Quinalut tribal leader (1937–2000)

Joe DeLaCruz (Joseph B. DeLaCruz, July 16, 1937 – April 16, 2000) was a Native American leader in Washington, U.S., president for 22 years of the Quinault Tribe. He was reputed for his "thorough, in-depth knowledge of probably every Indian tribe in North America." According to Suzan Harjo, "His programs became models for Native Americans everywhere."

==Life==
DeLaCruz grew up on the Quinault Reservation in Taholah Grays Harbor County, Washington, the eldest of 10 children. In high school he was student-body president and a four-sport athlete. He fished in the summers with his grandfather on the Quinault River, drove a school bus and worked at the local lumber mill.
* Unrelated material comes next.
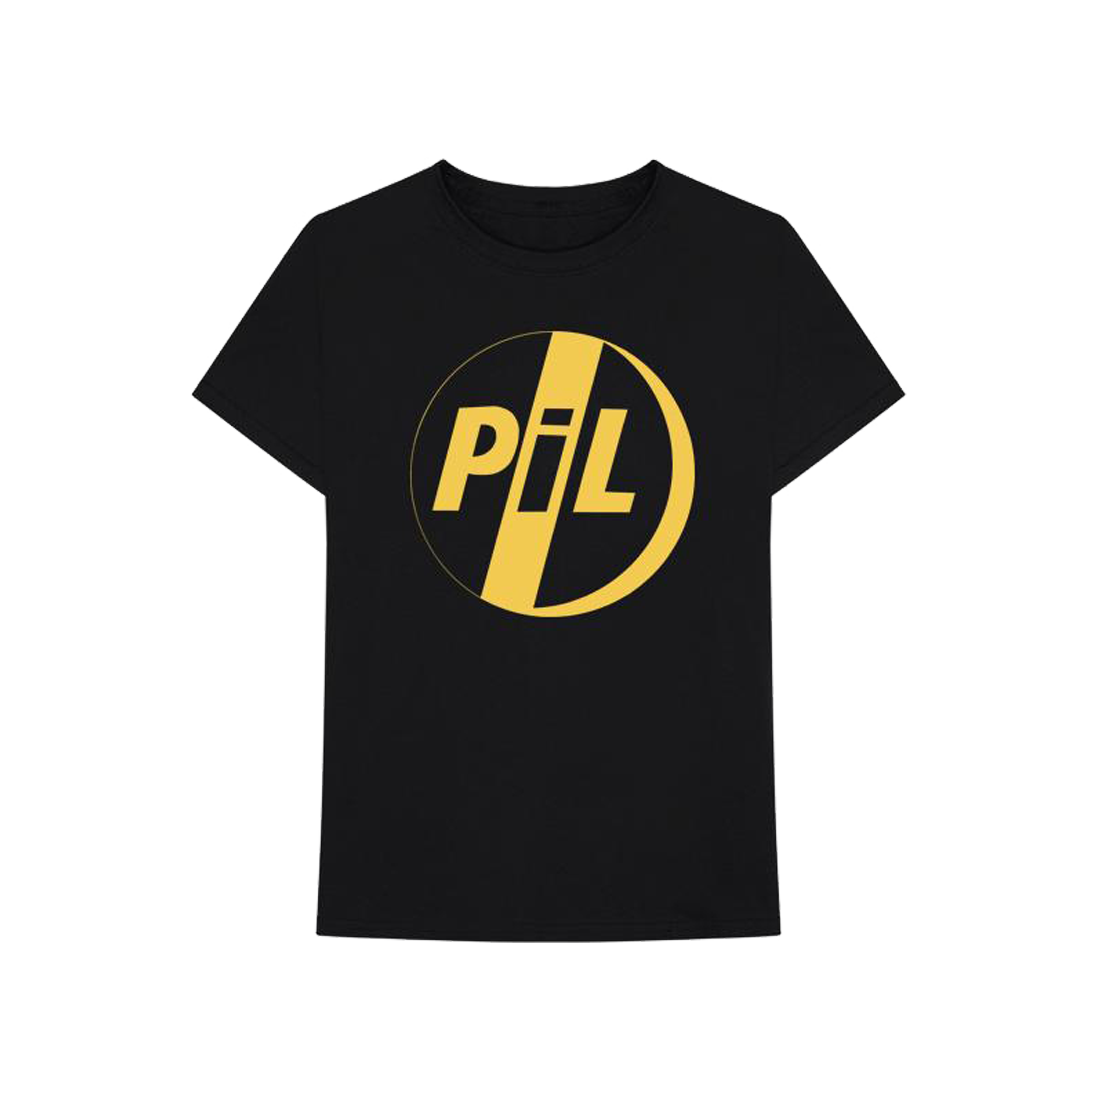 Public Image Ltd - Black and Yellow Logo Tour T-Shirt

He served two years in the United States Army in Germany, then attended Portland State University in Portland, Oregon, after which he took a federal government job in that city. In 1967, he came back to the reservation as tribal business manager, and in 1971 was elected tribal president, a position he held for 22 years.
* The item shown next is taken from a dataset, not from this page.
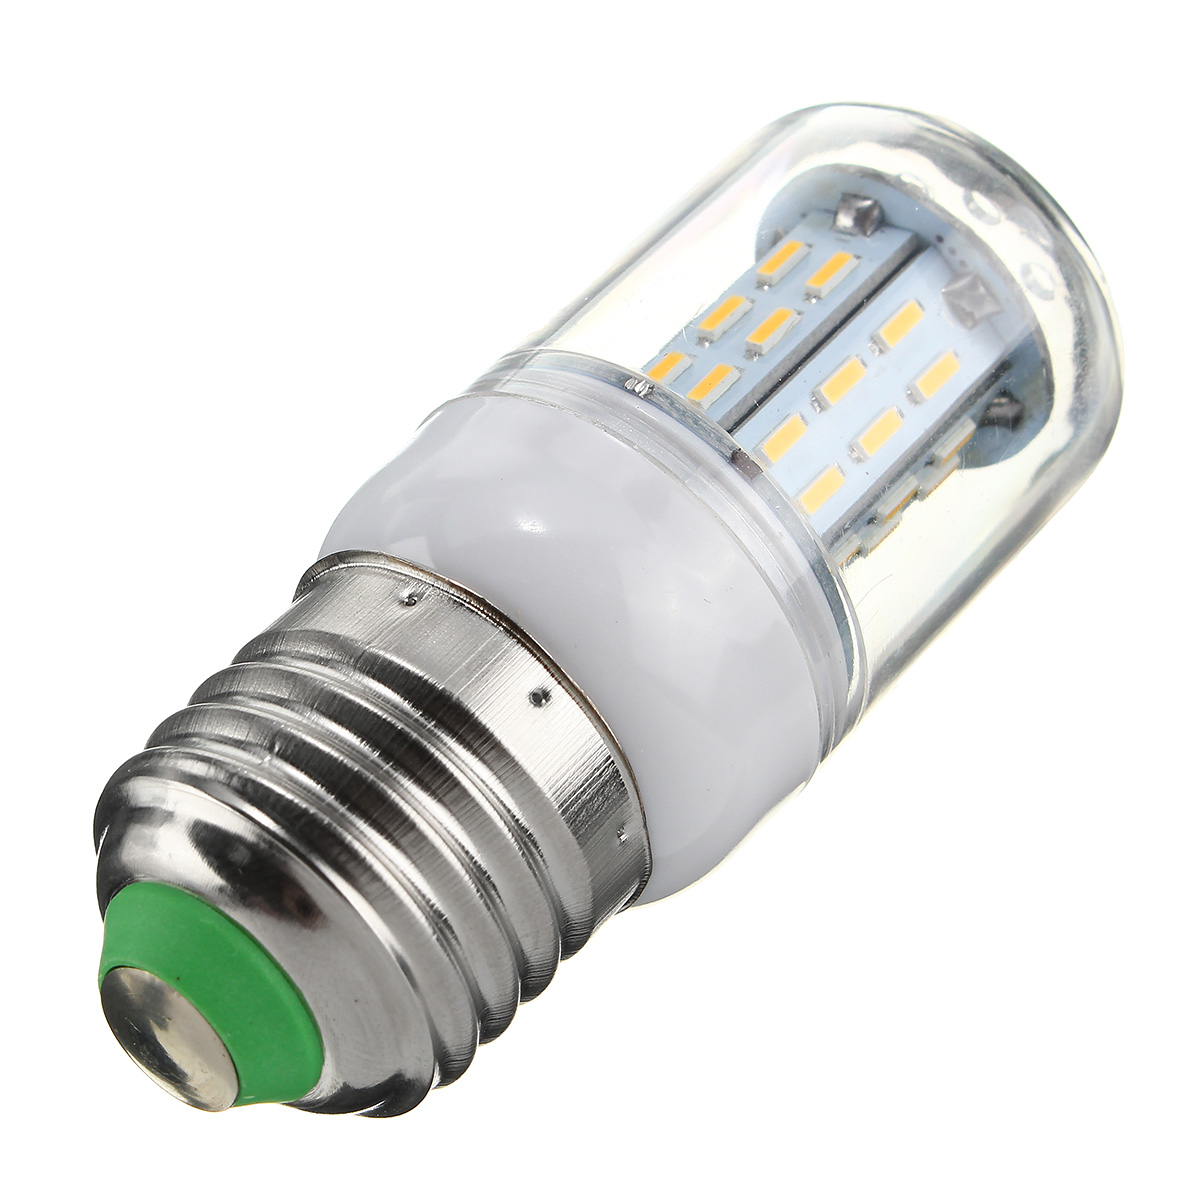 Dimmable-E27-E14-E12-B22-GU10-G9-SMD4014-4W-LED-Corn-Bulb-Light-Lamp-AC110V-1126662-8

DeLaCruz was significantly involved in the rising militancy among Native Americans in the early 1970s. He participated in the 1970 confrontations at Fort Lawton in Seattle, Washington that led to the founding of the United Indians of All Tribes Foundation and the Daybreak Star Cultural Center. He was one of the organizers of the 1971 protest that blocked logging roads at the Chow Chow Bridge against companies that were logging on tribal lands and demanded the right for the Quinaults to manage their own natural resources. He advocated for Native salmon fishing rights and rights to control their coastal beaches. Under his leadership, the Quinaults hired their own juvenile counselors, police officers and foresters. He was one of the architects of the Centennial Accord, which delineates the principles of government to government relationship between the tribes and the State of Washington.

He was elected president of the National Tribal Chairmen's Association (1977) president of the National Congress of American Indians (1981), serving four years in the latter post. From 1984 until his death, DeLaCruz served as chair of public policy at the Center for World Indigenous Studies.

After his 2000 death from a heart attack, he was memorialized by the establishment of the Joe DelaCruz Center for Advanced Studies in Tribal Government, a project of Northwest Indian Applied Research Institute (NIARI) at The Evergreen State College.